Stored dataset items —
#####

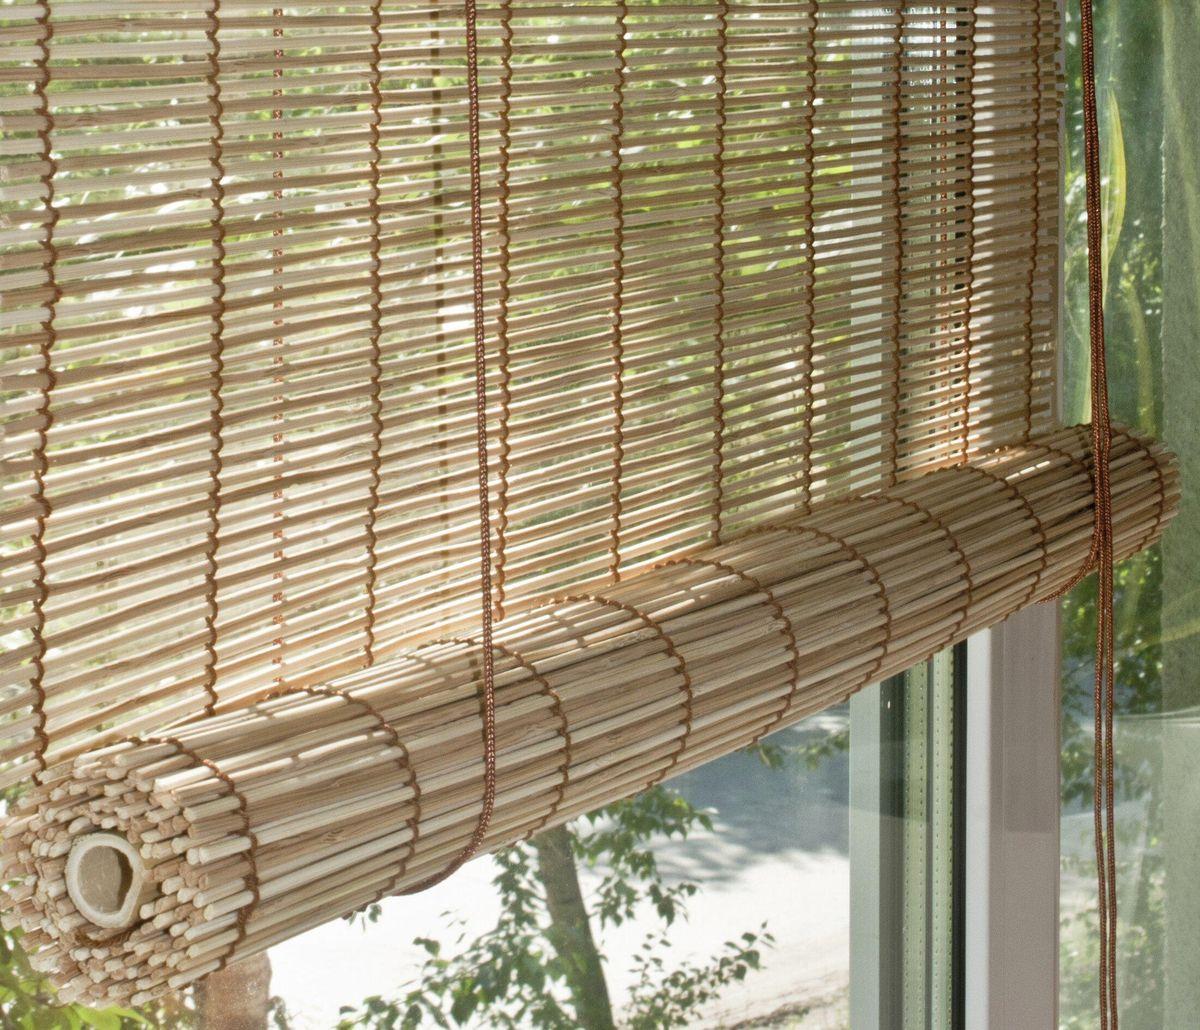 Штора рулонная Эскар Бамбук, цвет: натуральный микс, ширина 50 см, высота 160 см71909050180При оформлении интерьера современных помещений многие отдают предпочтение природным материалам. Бамбуковые рулонные шторы - одно из натуральных изделий, способное сделать атмосферу помещения более уютной и в то же время необычной. Свойства бамбука уникальны: он экологически чист, так как быстро вырастает, благодаря чему не успевает накопить вредные вещества из окружающей среды. Кроме того, растение обладает противомикробным и антибактериальным действием. Занавеси из бамбука безопасно использовать в помещениях, где находятся новорожденные дети и люди, склонные к аллергии. Они незаменимы для тех, кто заботится о своем здоровье и уделяет внимание высокому уровню жизни.Бамбуковые рулонные шторы представляют собой полотно, состоящее из тонких бамбуковых стеблей и сворачиваемое в рулон.Римские бамбуковые шторы, как и тканевые римские шторы, при поднятии образуют крупные складки, которые прекрасно декорируют окно.Особенность устройства полотна позволяет свободно пропускать дневной свет, что обеспечивает мягкое освещение комнаты. Это натуральный влагостойкий материал, который легко вписывается в любой интерьер, хорошо сочетается с различной мебелью и элементами отделки. Использование бамбукового полотна придает помещению необычный вид и визуально расширяет пространство.Помимо внешней красоты, это еще и очень удобные конструкции, экономящие пространство. Изготавливаются они из специальных материалов, устойчивых к внешним воздействиям. Сама штора очень эргономичная, и позволяет изменять визуально пространство в зависимости от потребностей владельца.
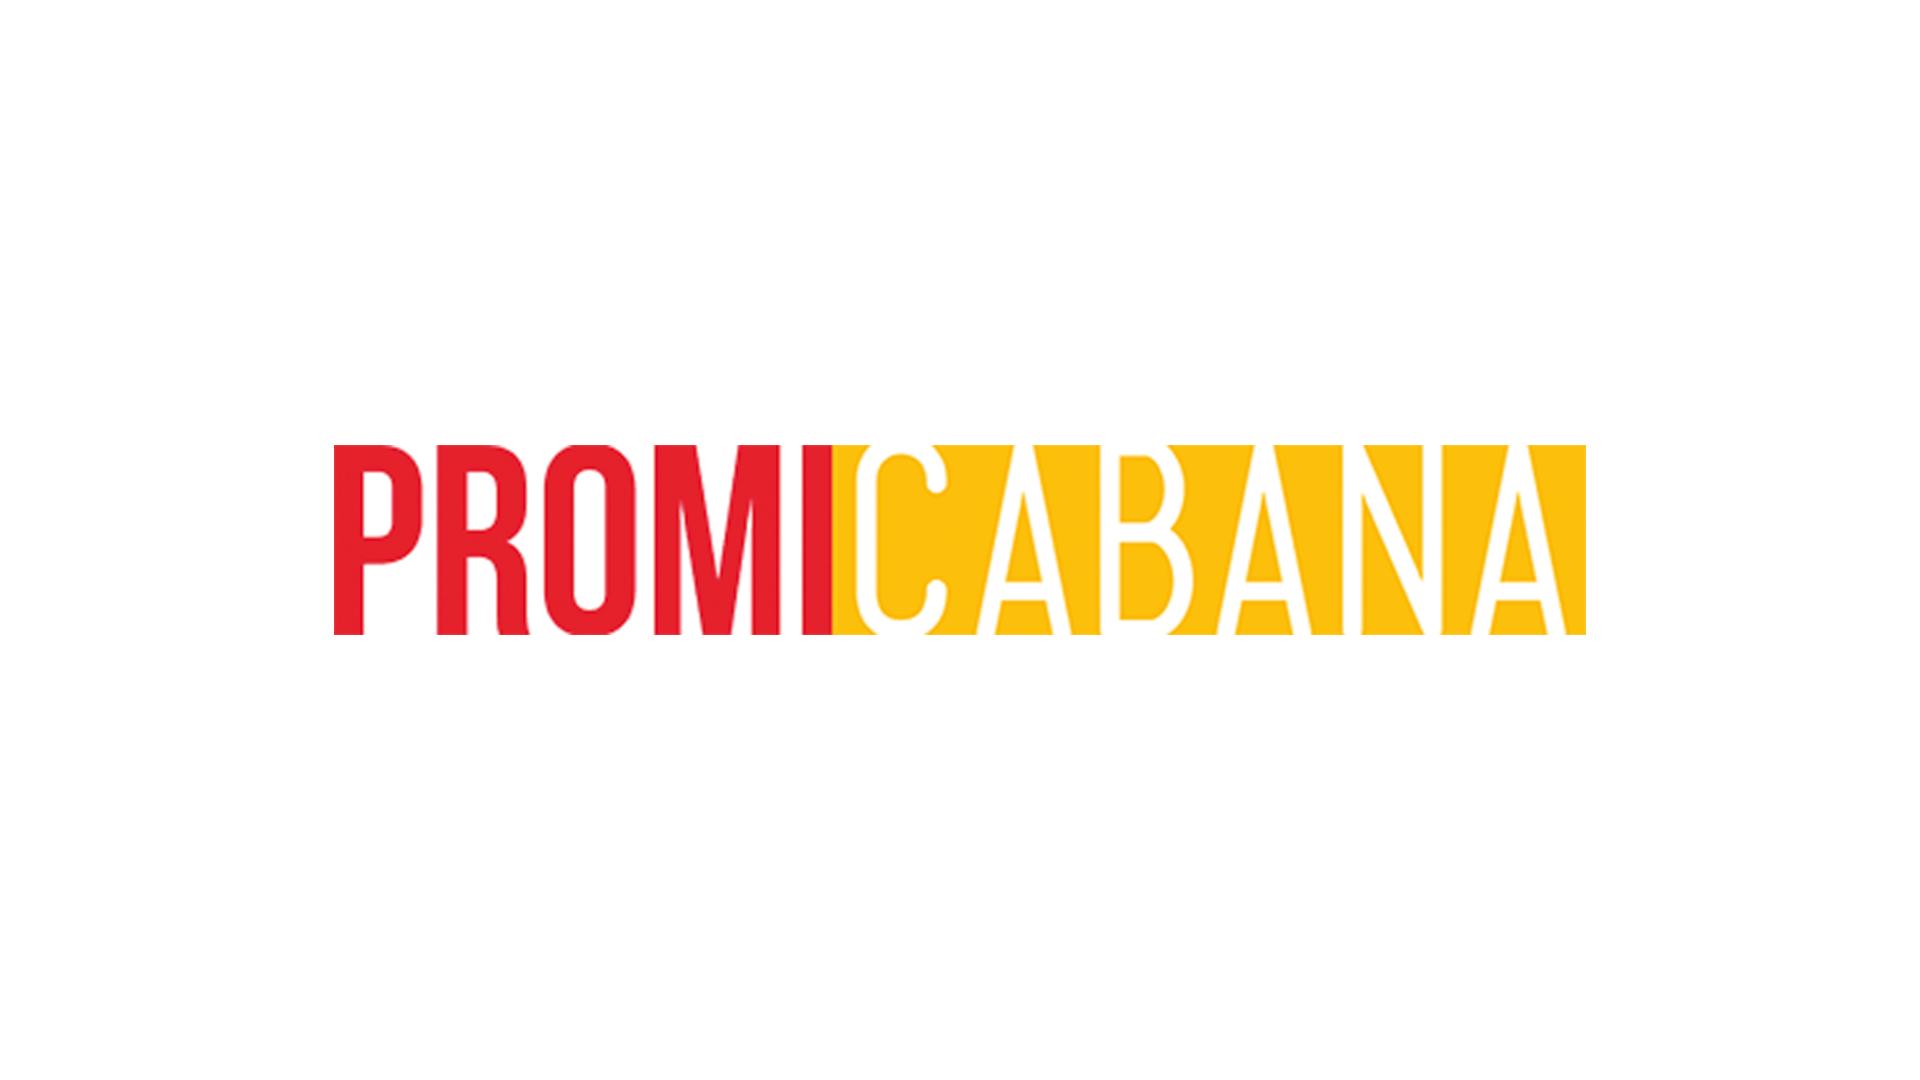 eminem-rap-god-nusikvideo-still
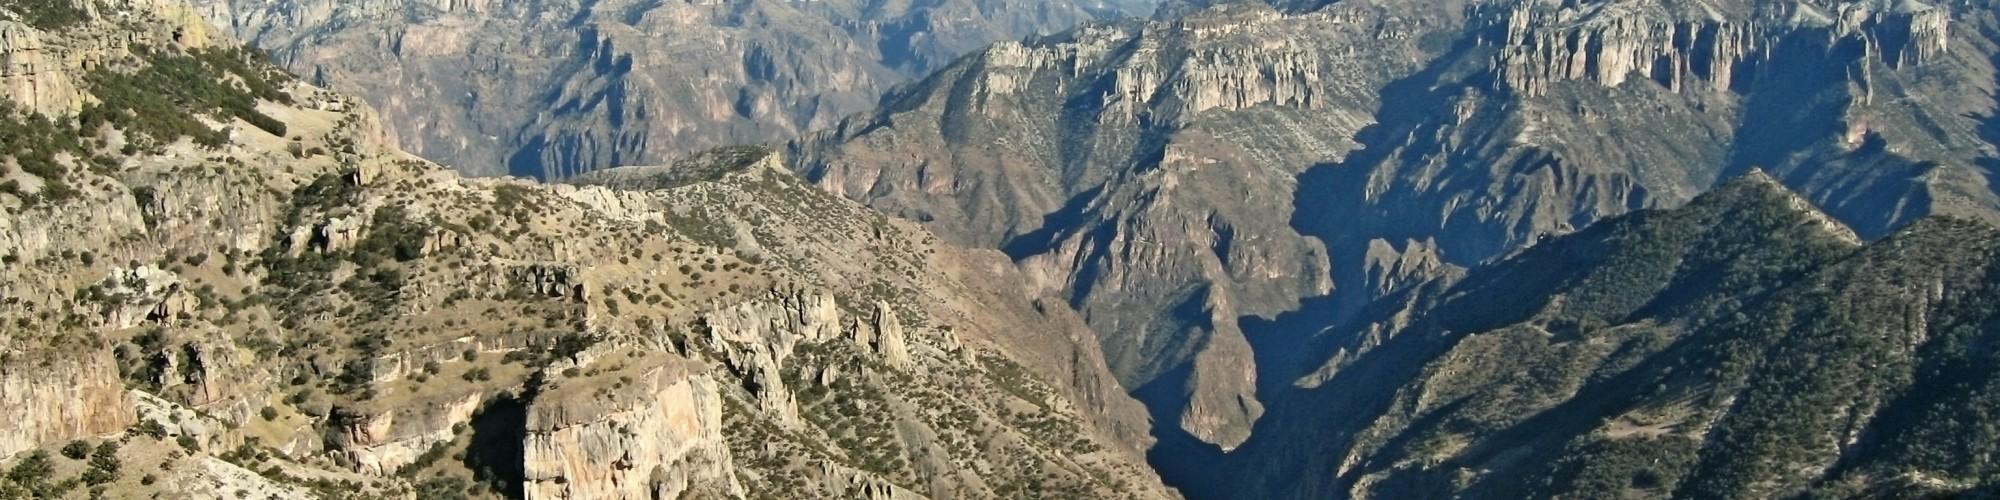 Mexico - Copper Canyon
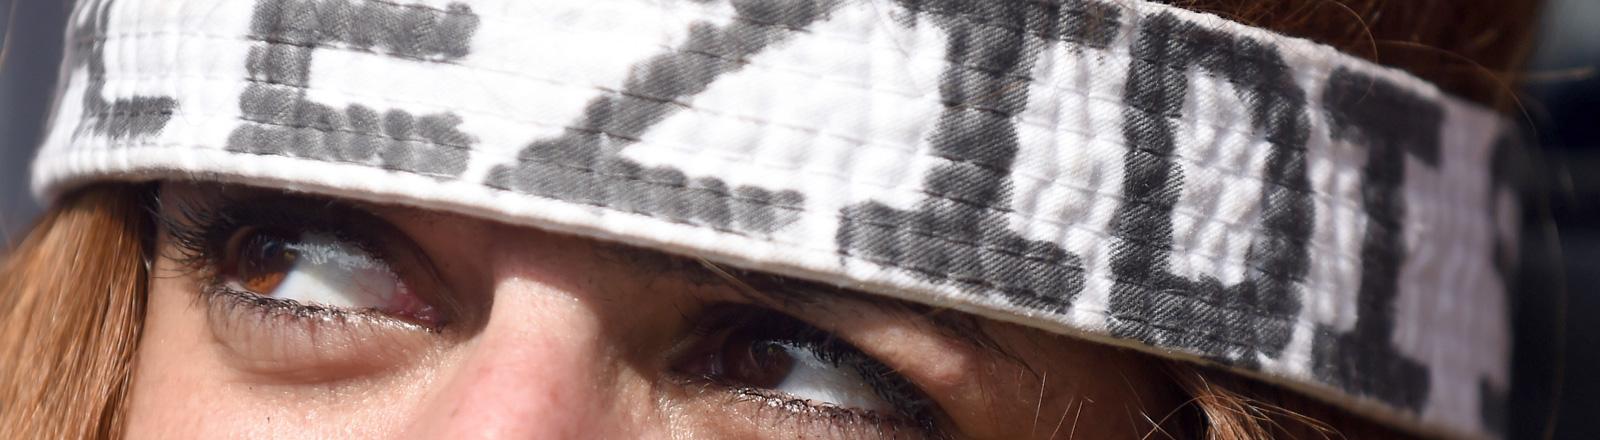 Eine Frau trägt ein Kopfband, auf dem Ezidi steht. Ihre Augen und das Band sind zu sehen.
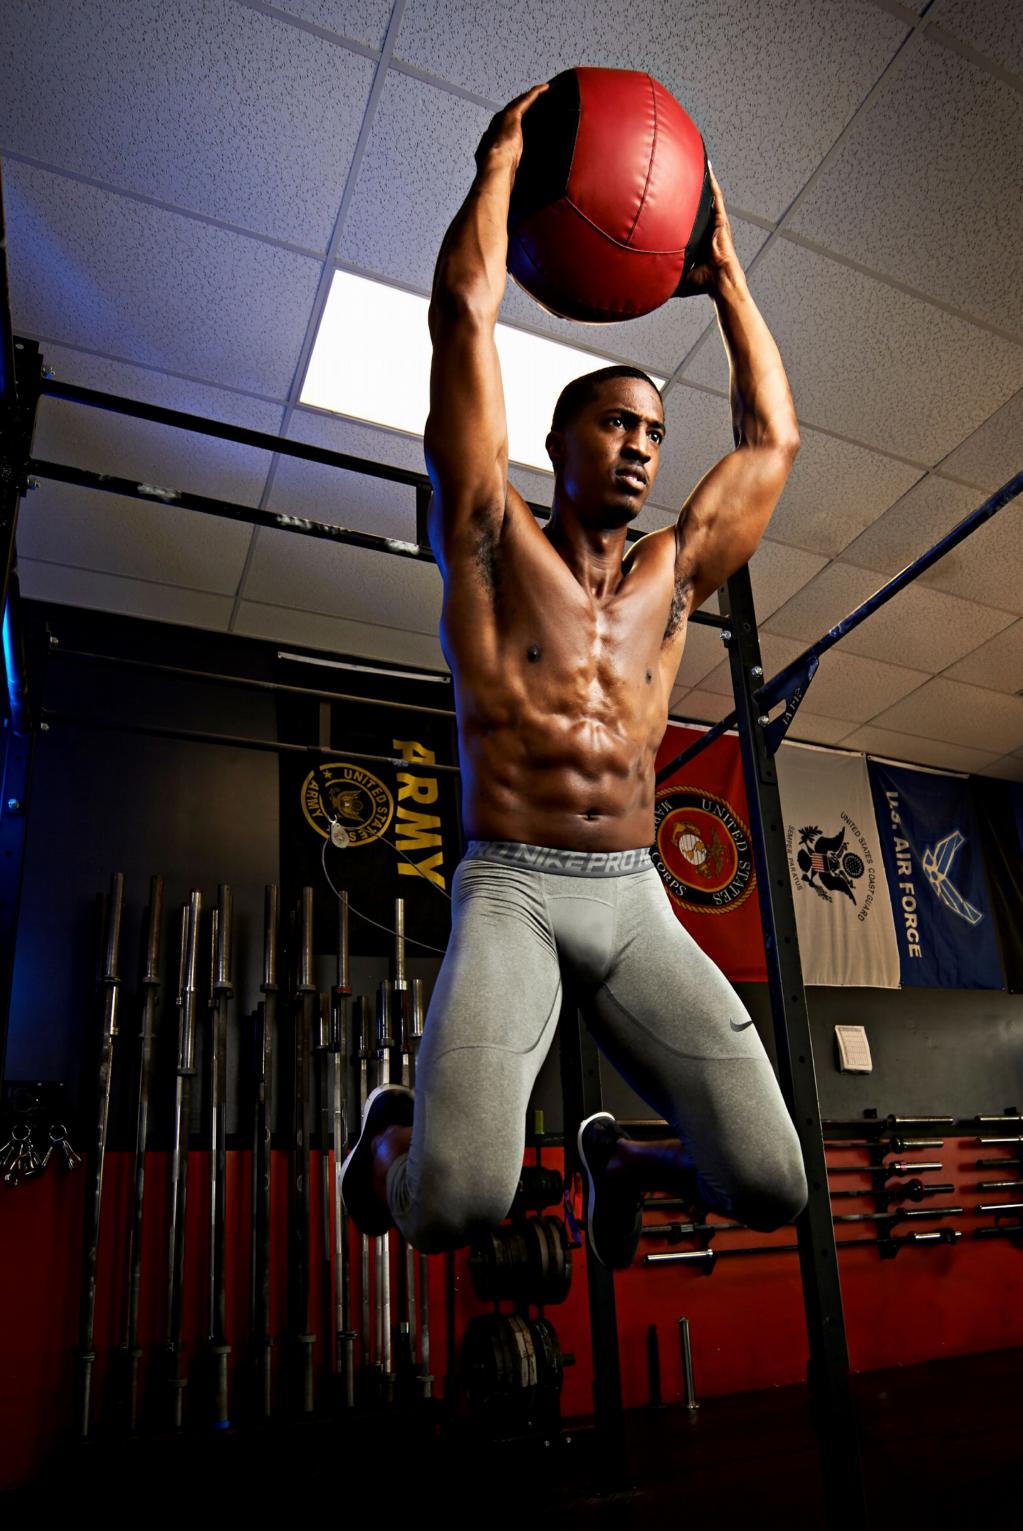 Dennis_Fitness 2.jpg

#####

Task prompt —
Would you set down every line of the data above exactly, skipping the pictures?

Output of the task —
 Штора рулонная Эскар Бамбук, цвет: натуральный микс, ширина 50 см, высота 160 см71909050180При оформлении интерьера современных помещений многие отдают предпочтение природным материалам. Бамбуковые рулонные шторы - одно из натуральных изделий, способное сделать атмосферу помещения более уютной и в то же время необычной. Свойства бамбука уникальны: он экологически чист, так как быстро вырастает, благодаря чему не успевает накопить вредные вещества из окружающей среды. Кроме того, растение обладает противомикробным и антибактериальным действием. Занавеси из бамбука безопасно использовать в помещениях, где находятся новорожденные дети и люди, склонные к аллергии. Они незаменимы для тех, кто заботится о своем здоровье и уделяет внимание высокому уровню жизни.Бамбуковые рулонные шторы представляют собой полотно, состоящее из тонких бамбуковых стеблей и сворачиваемое в рулон.Римские бамбуковые шторы, как и тканевые римские шторы, при поднятии образуют крупные складки, которые прекрасно декорируют окно.Особенность устройства полотна позволяет свободно пропускать дневной свет, что обеспечивает мягкое освещение комнаты. Это натуральный влагостойкий материал, который легко вписывается в любой интерьер, хорошо сочетается с различной мебелью и элементами отделки. Использование бамбукового полотна придает помещению необычный вид и визуально расширяет пространство.Помимо внешней красоты, это еще и очень удобные конструкции, экономящие пространство. Изготавливаются они из специальных материалов, устойчивых к внешним воздействиям. Сама штора очень эргономичная, и позволяет изменять визуально пространство в зависимости от потребностей владельца.
 eminem-rap-god-nusikvideo-still
 Mexico - Copper Canyon
 Eine Frau trägt ein Kopfband, auf dem Ezidi steht. Ihre Augen und das Band sind zu sehen.
 Dennis_Fitness 2.jpg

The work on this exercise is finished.